Die, Pins, Die!!

I’ve spent all day mucking about with DOCTYPEs, conditional funkiness and the perils of unattainable goals. I won’t bore you with the details. My mood hasn’t improved, even after listening to Goodbye Country (Hello Nightclub) about a million times today. Thankfully, tonight is bowling, so I get to go take out all my theological and political frustrations on a bunch of helpless pins.

Speaking of bowling, since I lost all this weight, I can’t use my giant sixteen pound ball reliably. It’s hard to control and it goes all over the place. I’ve switched to using the house fourteen pounders (which are all pink for some reason, not that I have a problem with that – the 12 pounders are baby blue). I’ve bowled really well for me (high score of 146 last week) the past couple weeks with the fourteen pounder, and am tempted to go get my own light girly ball. I think tonight will be a combo-swearing night, as long as W doesn’t bring the kids.

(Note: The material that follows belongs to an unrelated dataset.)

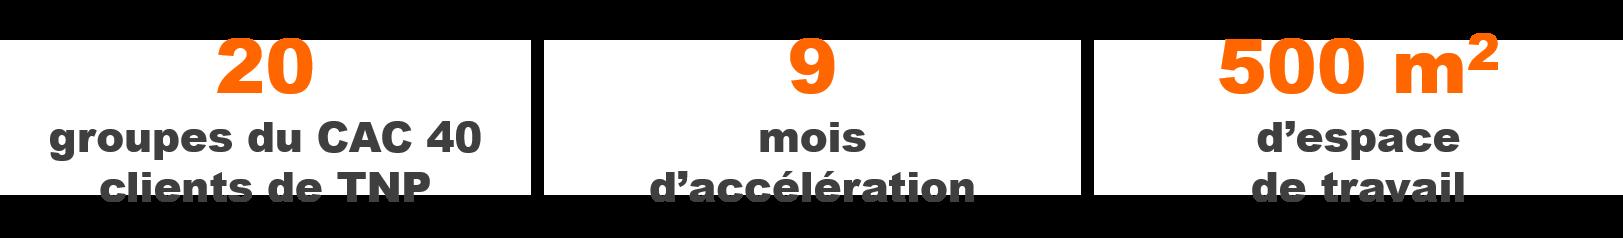 20 groupes du CAC 40 clients de TNP . 9 mois d'acceleration . 500 m2 d'espace de travail

I did smile momentarily today when I reaized that General Conference is this weekend, and I don’t have to go to church.

Self-Serving Wallowing BS

This weekend, I read articles about the Wright Brothers, an artist who makes photo-realistic art out of fabric, Degas’ ballet paintings, and an interview with Maya Angelou. Along with yesterday’s freak snow storm, and church, the stories help slide me into a deep funk. There’s all kinds of stuff rolling around in my head, and none of it is making me very cheerful.

Let’s start with the Wright Brothers. These guys competed against several world governments and top scientists of the day to become the first men to launch an honest-to-goodness powered airplane. They did it through sheer determination and a talent for breaking large problems into component pieces. They solved those smaller component problems on the way to a solution to the big problem. The article contained excerpts from several letters sent by the brothers to relatives and friends, and a couple news stories about them. The writing in the letters and articles was so beautiful in both form and vocabulary that it made me ashamed of all this tripe on my site. I want to be a good writer, and this site has turned into a journal, only a couple one step removed from the form of my instant messages and e-mails.

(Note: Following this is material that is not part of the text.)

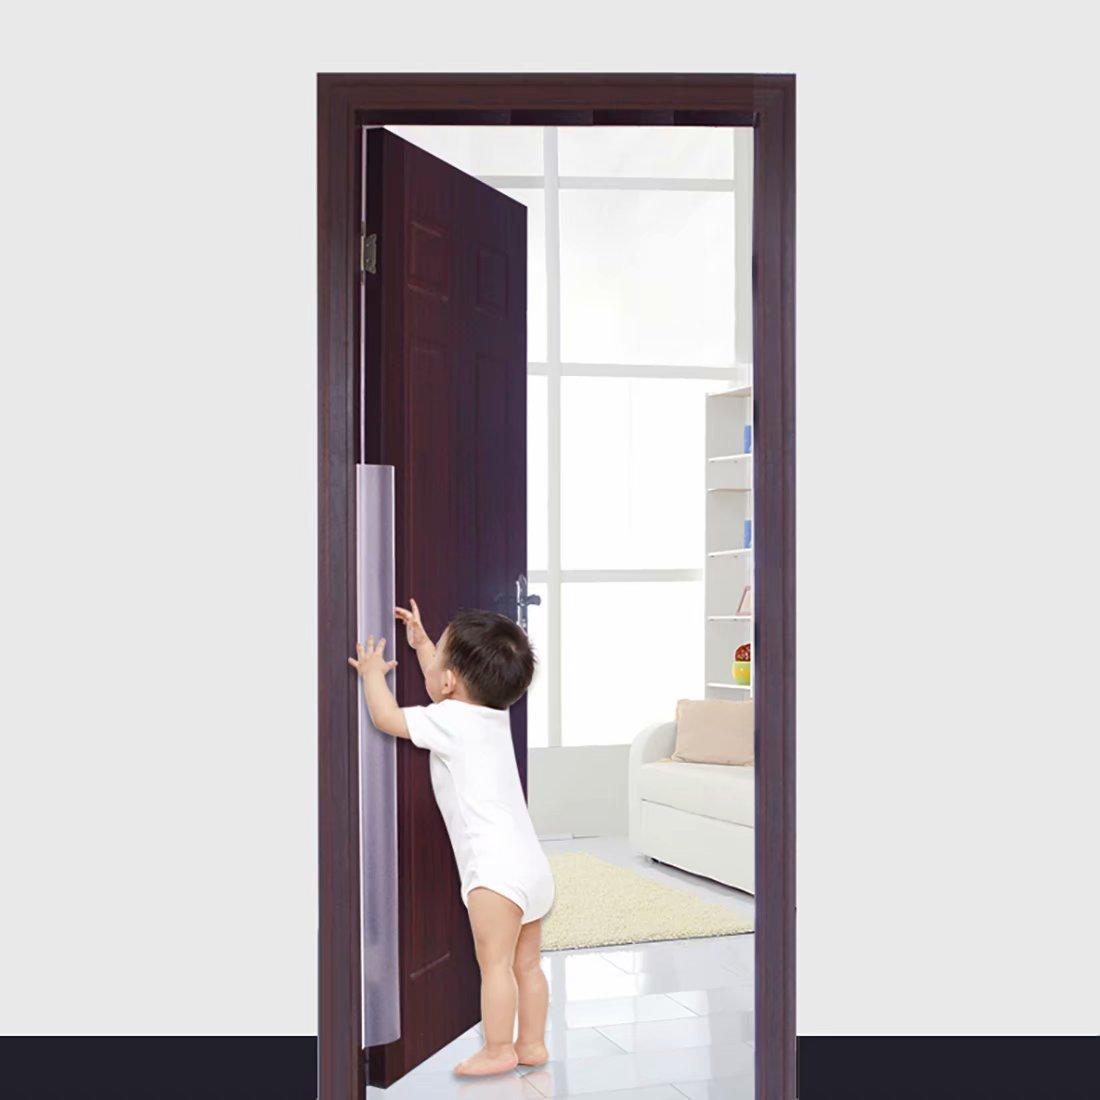 Children's Anti-Grip Door Sewing Strip Protection Strips Baby Child Safety Anti-Slip Door Hand Protection Kindergarten Door Shield Child Anti-Pinch Children 50/9CM

Second, Maya Angelou. She’s seventy-five and is never bored. I’m bored all the time. I’ve lost some piece of the fire I used to have. I’m too complacent and willing to sit and let things wash over me instead of standing up and taking the wave head on. I’m tired and unwilling to fight a lot of the time. Ms. Angelou has lived an amazing life, written books, poems for Presidents, sung for albums and still finds time to learn languages and teach. I can barely find the energy to cook when I get home from work, much less do anything else productive.

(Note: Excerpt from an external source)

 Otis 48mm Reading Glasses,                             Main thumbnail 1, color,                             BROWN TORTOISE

Third, let’s talk about church. Or, let’s not. I can’t decide what I should say here. My family reads this crap, and so do several people from church. Let’s just say, I’m having a hard time getting up and going every Sunday. I’m having a hard time biting my tongue. There was a whole paragraph here about the other things I hate about church, but I just deleted it. I get why people leave the church now… it’s hard being Mormon when you don’t fit into the “mainstream” of Mormon culture.